There's always a trace of truth in sayings that have become commonplace. Things like, Don't look a gift horse in the mouth or They grow up so fast. Sometimes they don't impact you until you hear them in just the right context or time in your life.
When my first was still in infancy, I would mentally roll my eyes each time I heard it. Surely they had no idea what I was going through, I thought. The long sleepless nights, the frustration and constant search for the perfect soothing method, the seemingly endless days of diaper changes and spit-up stains. Time was definitely not zipping by, in fact, it had slowed to a snails pace with each day oozing into the next.
As a mother of toddlers, I became accustomed to hearing the words, "Kids these days" or some variation of it....."I don't remember you acting that way".....blah blah blah.
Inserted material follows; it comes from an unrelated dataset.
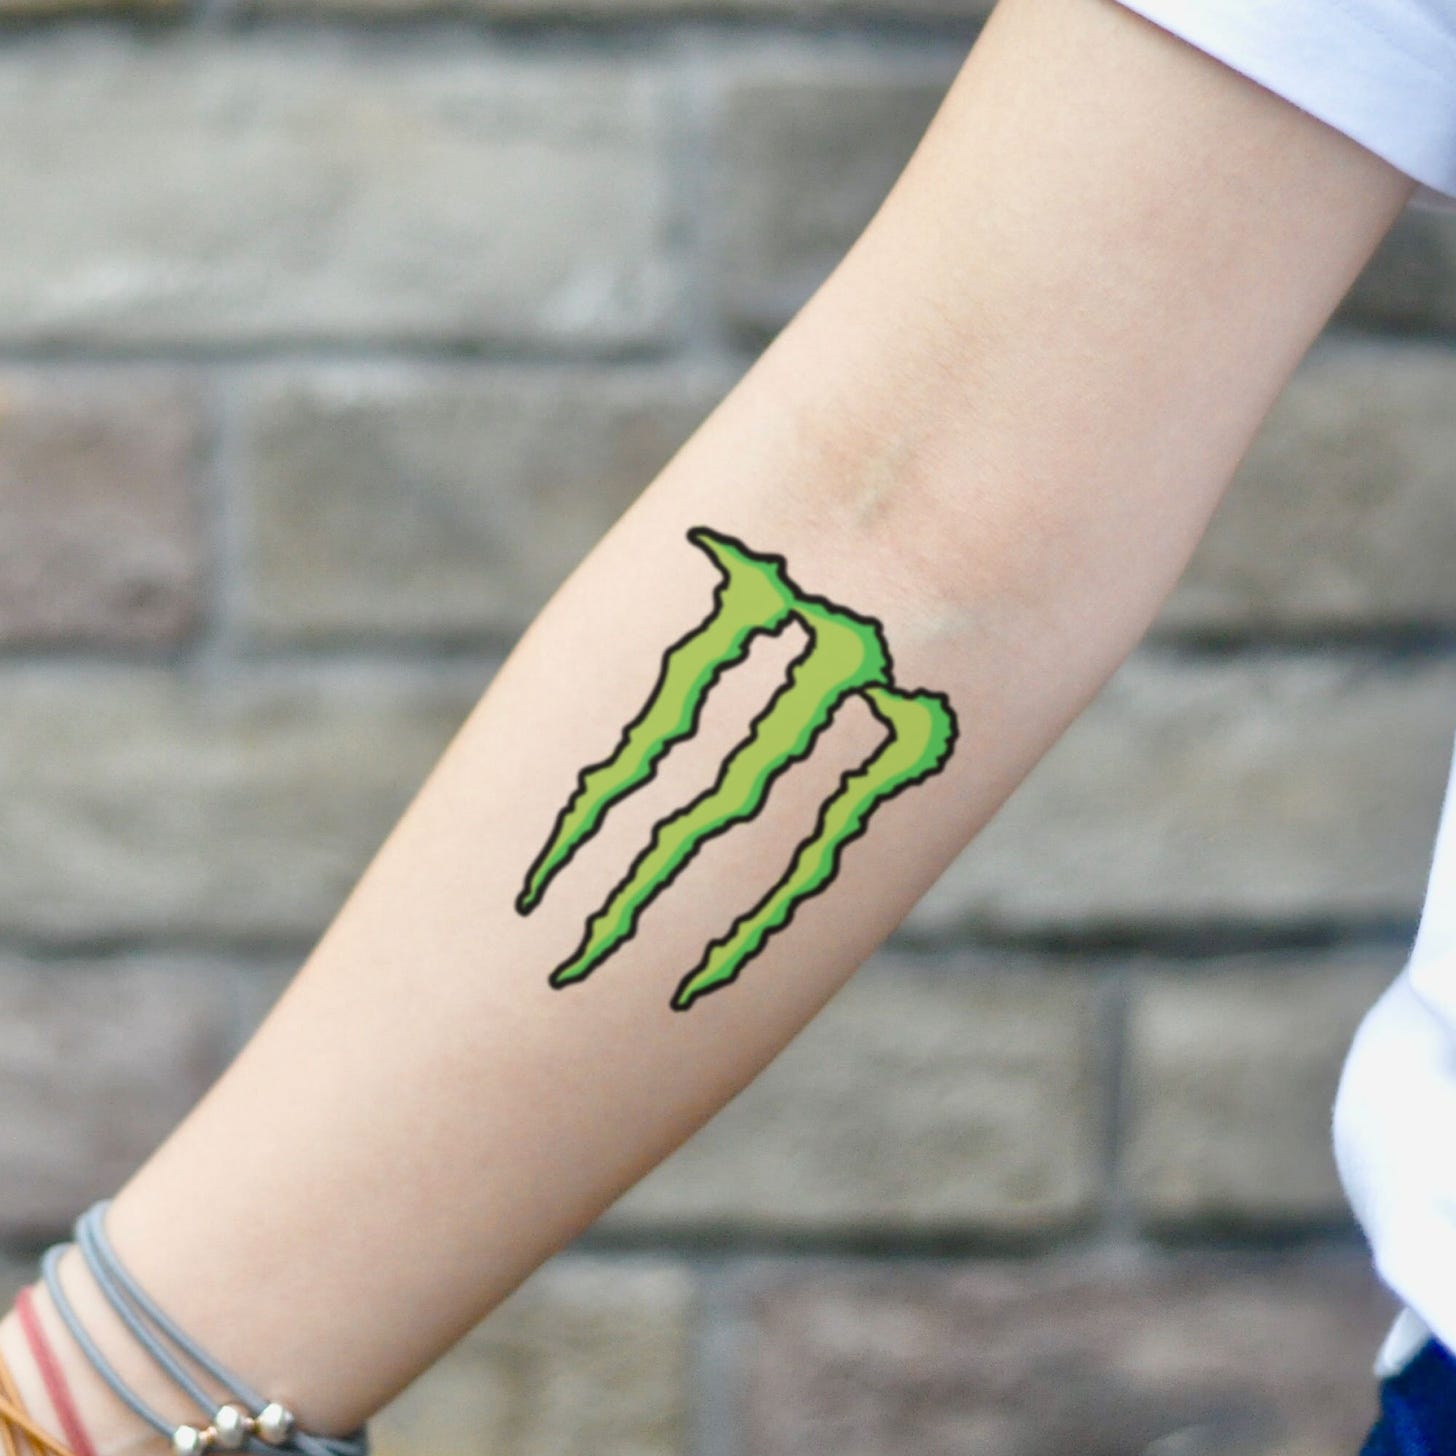 Monster Energy Drink Logo Temporary Tattoo Sticker - OhMyTat

As if children today where completely unrelated creatures to those of us who grew up in the previous generation and time had mercurially leaped forward, leaving in its wake a generation of heathens. Did she truly not remember the endless bickering and constant whining? She said it so convincingly, I too began to wonder if it had at all happened.
But, as my three year old started his first day of preschool last week, wearing his 'big boy underwear' it dawned on me that time had indeed flown by. Gone are the days of diaper changing and bottle making. And in the blink of an eye, I am entering a new dimension. It's as if becoming a mom has somehow changed the very essence of time. It no longer follows any logical pattern. It's slippery in substance, bittersweet in taste.
I choose to look at it as Gods little party favor. As I turn to leave the 'Baby Party' that seemed as if it would never end; I am handed a neat little package. Its contents are the moments in time that defined an era, first smiles, words and walking. The editing room floor strewn with those frames that didn't make the cut. And my mind, trying in vain to grasp, the ever evolving definition of time.